If you plug the numbers in for X850XT (also in that review), it comes out looking really bad:
504.6 557.7 581.5 567.1

even though the ALU structure is the same between R420 and R520, it's clearly not the entire story in FEAR. So is that the ultra threaded scheduler? The texture cache efficiency? The memory efficiency?...

Jawed
 
Speaking of complicating analyses, does the SM2 X850 even run the same path/shaders as the other, SM3 cards?

If FEAR is backbuffer b/w limited, does that mean it should fly on Xenos?
 
Pete said:
Speaking of complicating analyses, does the SM2 X850 even run the same path/shaders as the other, SM3 cards?
If FEAR has any SM3 code in it, it's been kept awfully quiet.

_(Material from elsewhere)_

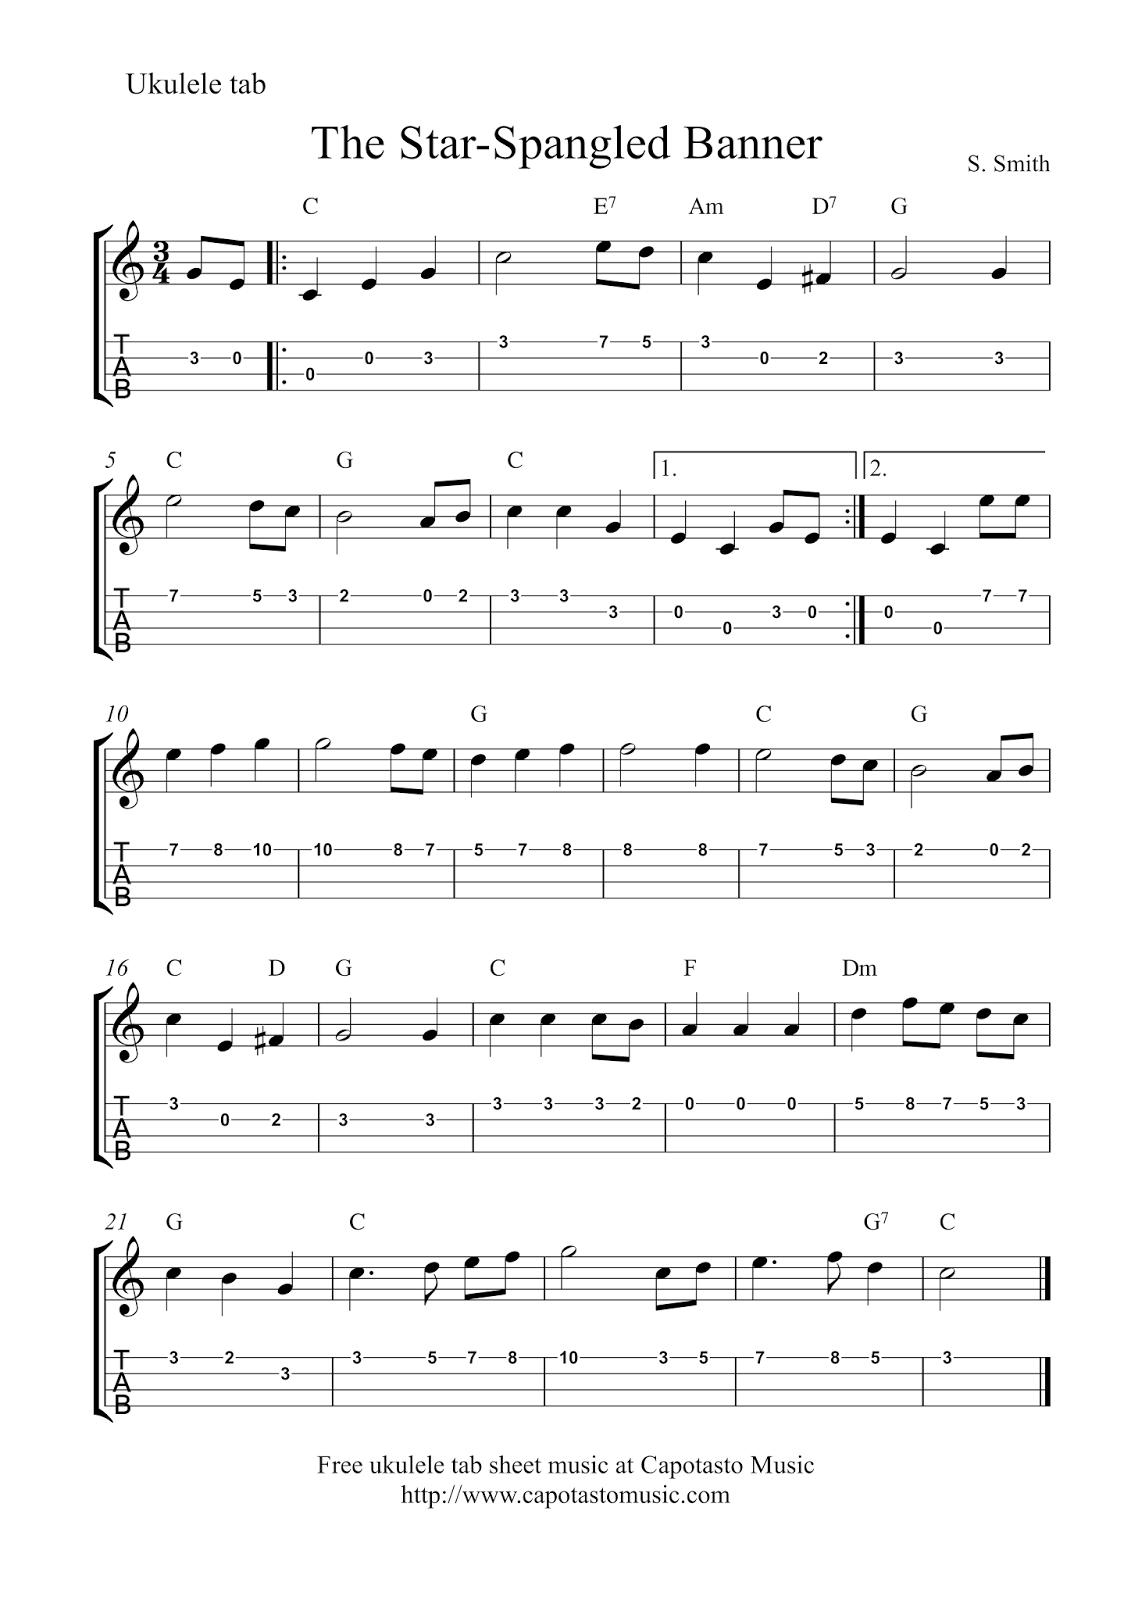 The Star Spangled Banner Free Ukulele Tablature Sheet Music Uke String Diagram Related Keywords Suggestions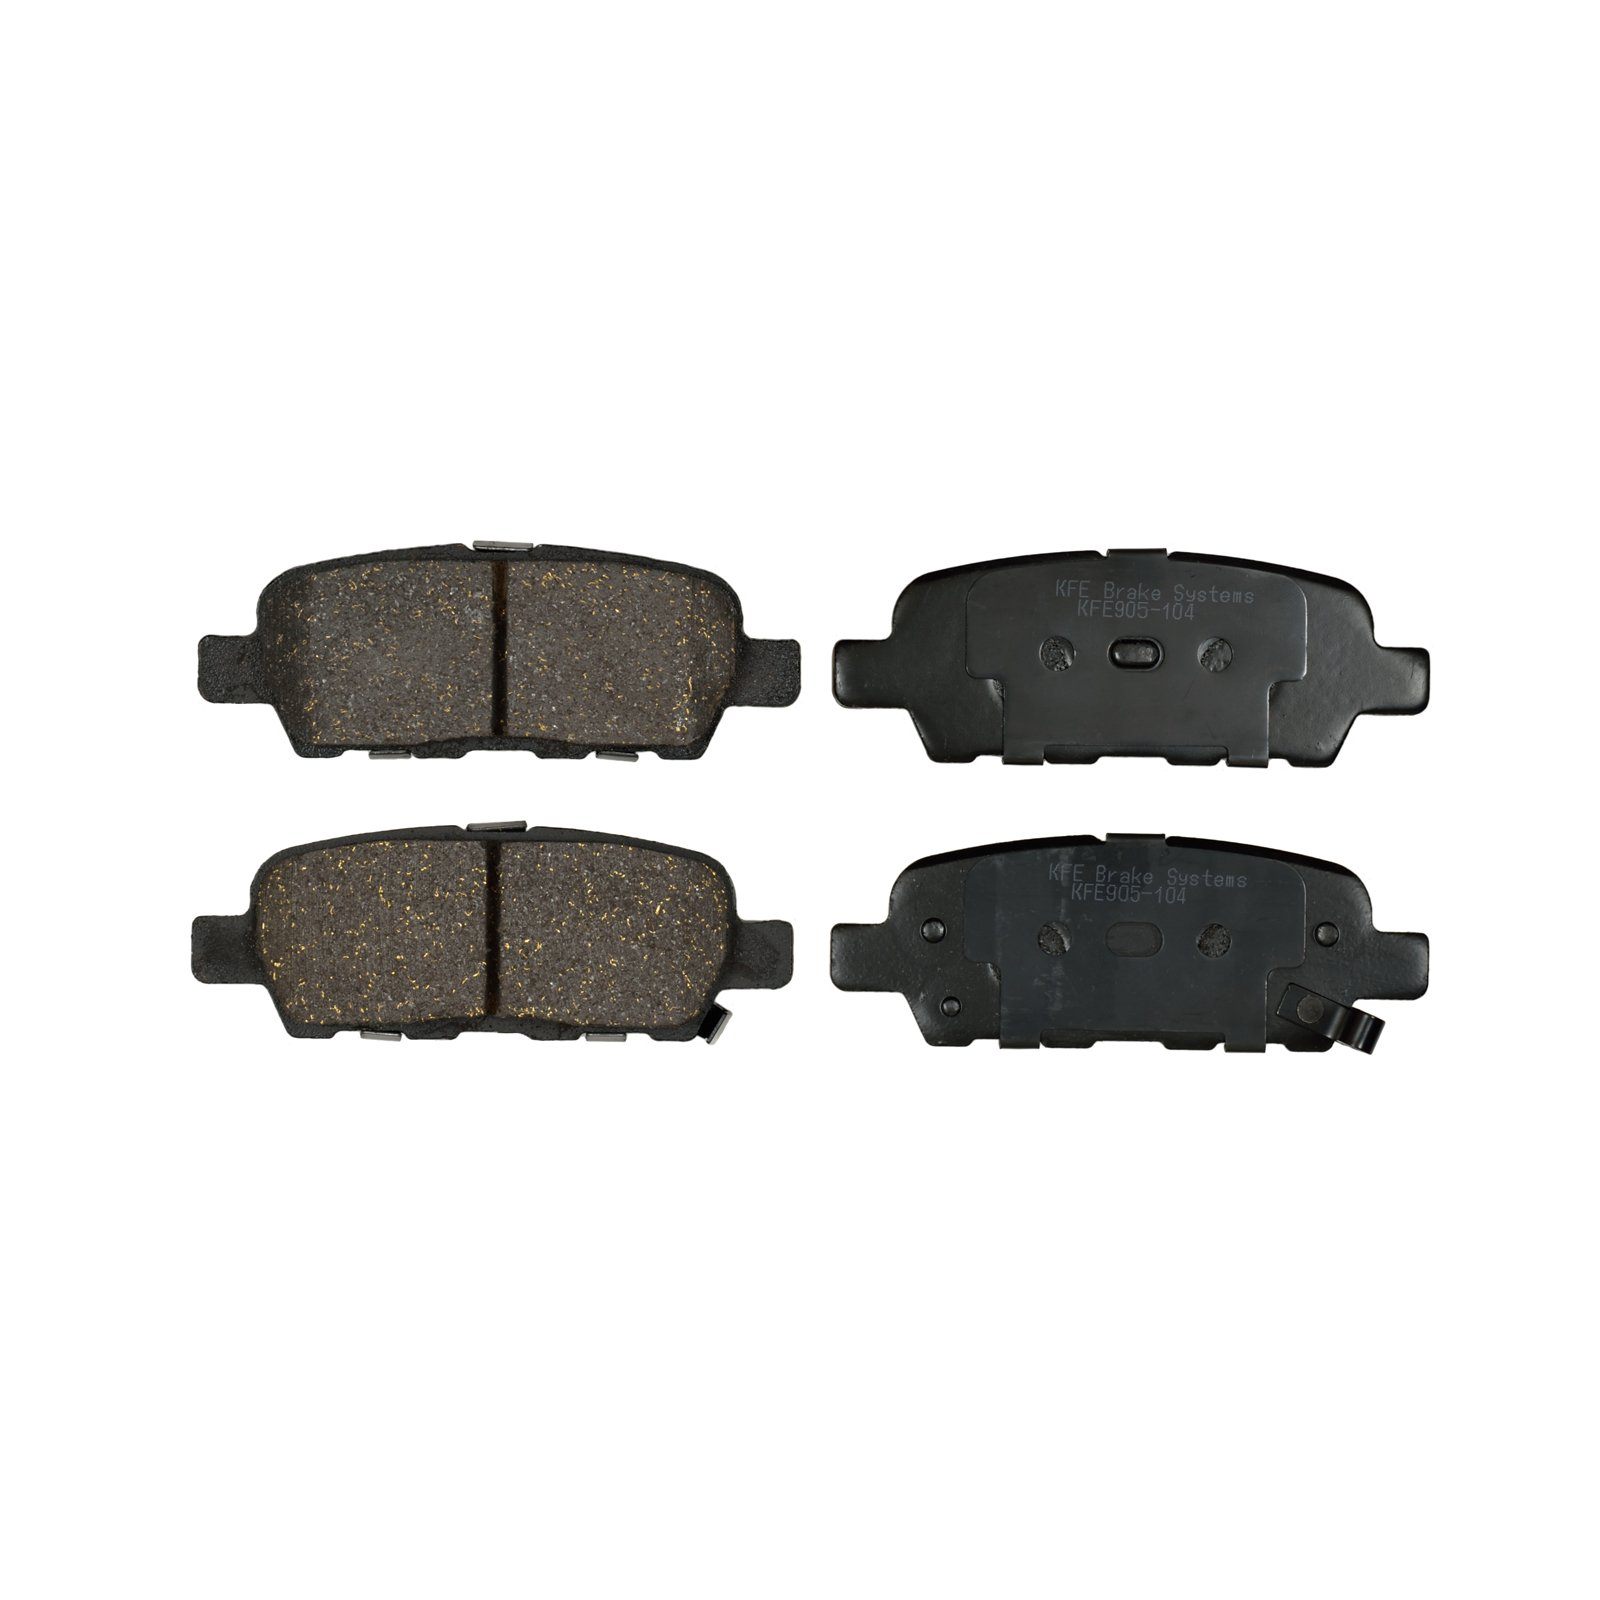 KFE Ultra Quiet Advanced KFE905-104 Premium Ceramic REAR Brake Pad Set

If FEAR is backbuffer b/w limited, does that mean it should fly on Xenos?
Hard to know for sure, but Condemned apparently runs very smoothly on XB360 with 4xAA - both games are roughly the same tech - though the resolution on XB360 will be lower. I'm not sure if it's true, but supposedly Condemned defaults to soft shadowing which is a big drain on PC.

Jawed
 
The reason I did no analysis was because I wanted to make the point that comparing FLOPs across architectures is pointless.

While that is true, it's not that much different with any other maximum theoretical numbers. I could say that two GPUs are equipped with let's say 20GB/s raw bandwidth; if one is an IMR with no efficient bandwidth saving capabilities and the other one a TBDR, it's obvious which will make better use of the available bandwidth.

I'm trying to find a somewhat reasonable basic measurement/formula for today's and future GPUs, since multitexturing fill-rates become more and more irrelevant.
 
I'm not sure if it's true, but supposedly Condemned defaults to soft shadowing which is a big drain on PC.

Depends also on the implementation of soft shadows. Compare the performance drop in Chronicles of Riddick vs. FEAR f.e.